There is an episode of the TV show SportsNight in which many of the characters play poker. (Spoiler alert!) In the course of the game, the character Jeremy is winning big, while his girlfriend Natalie is losing. On the last hand, Jeremy bets big on the river, and tells Natalie something like, "I have you beat. If you trust me, you'll fold." Natalie calls and loses, and Jeremy feels like the relationship is on thin ice because of the lack of trust. Natalie apologizes. As a poker purist, I was disgusted by this. Here is how I saw it. First, Jeremy attempted to convince Natalie that he is willing to collude with her in the poker game. Trusting that her righteous boyfriend wouldn't be likely to stoop to that level (and that he wouldn't try testing her trust in such a crude way), Natalie disregarded his comment and called. Jeremy then took Natalie's money and received an apology. I don't get it. Jeremy was the one who was in the wrong!

The Bike employs "chip runners" to get chips for players at the table. To encourage tips, they make a point of telling players "good luck" when they give out the chips. One of the chip runners is a nervous old Asian woman who can be rather cloying in her attempts to make a good impression. I had to laugh when a player called her over with "Hey! Bad-Luck-Chip-Lady!"
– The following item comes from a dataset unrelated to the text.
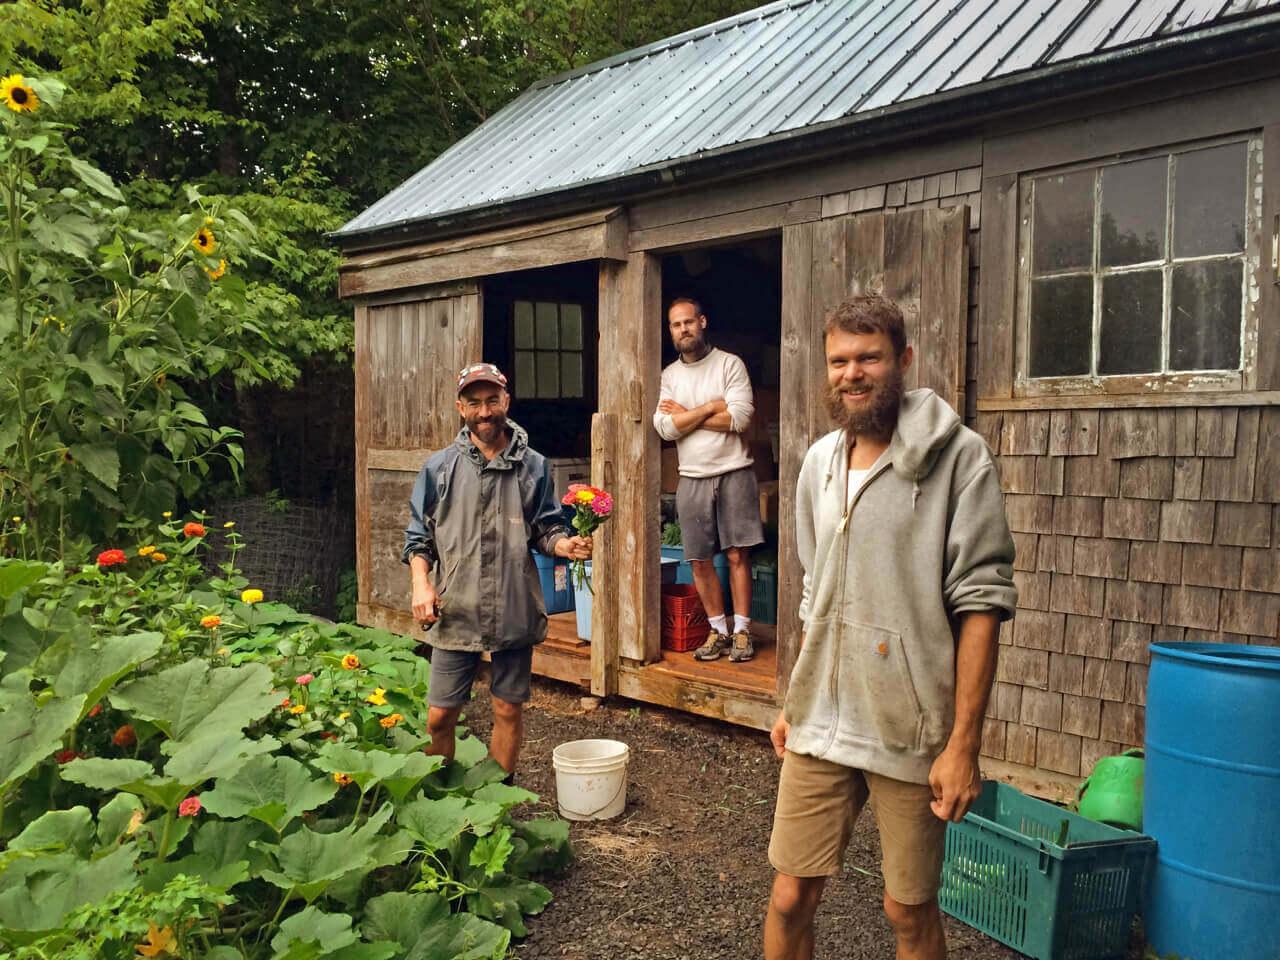 We prepare for market in the garden
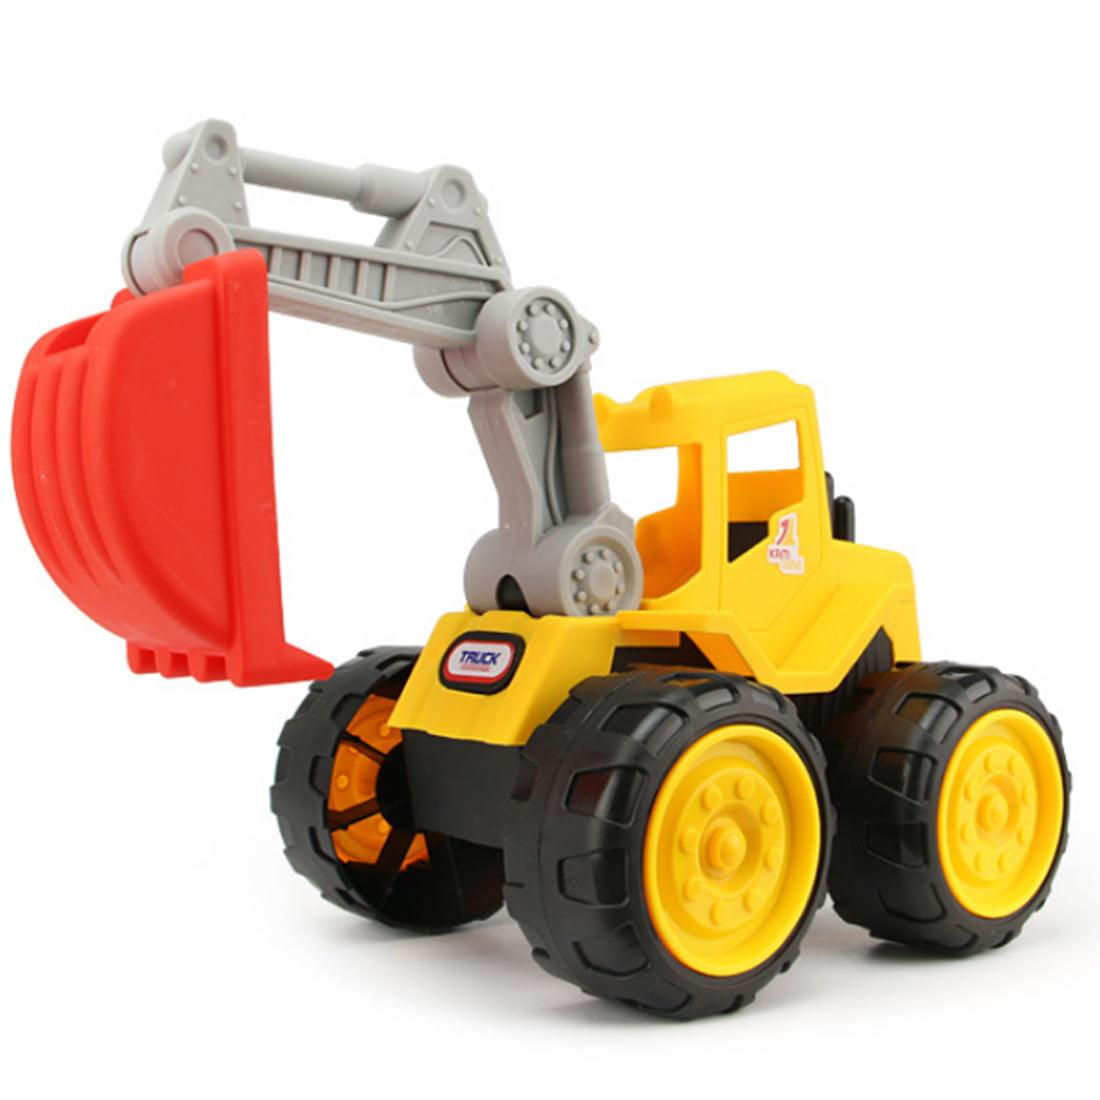 Kids Beach Sand Excavator Truck Beach Playing Tools Children Large Machineshop Truck Series Simulation Kids Fancy Toys... by

Speaking of chips: As of May 1, casinos in Los Angeles will no longer accept chips from other casinos. Accepting competitors' chips had been standard practice, but supposedly there have been some counterfeit chips recently.

Speaking of counterfeits: Two popped up in our $500 NL game last month. A player used them to pay off a $200 river bet. The winning player was alerted by others at the table that the bills didn't look right, and he had them checked at the cage; the losing player then gave him another $200. Since then I've stopped keeping bills on the table, and I immediately change any bills I win.

Johnny Moss was the king of poker before Doyle Brunson. According to one of my colleagues at the Bike, he was also a cheater. Please take this with a grain of salt, but the story I heard from another prop goes as follows:
In those days, players used to take turns dealing, and several of the players in Johnny Moss's game were working together. We were playing hi-lo seven-card-stud, and the deuce of clubs opened. By the end of the hand, I had made three of a kind and a six for low. The other guy was drawing to a wheel. At the end, I showed my hand, and the other guy showed a wheel, but he had the deuce of clubs as one of his hole cards (the dealer had obviously slipped the previously folded card to him). I said, "How about I take this pot, and you guys can have the rest." The dealer simply pushed me the pot, and I left.

My June results through the 20th were fantastic, already a personal record for a single month. However, I lost a couple thousand in the last ten days.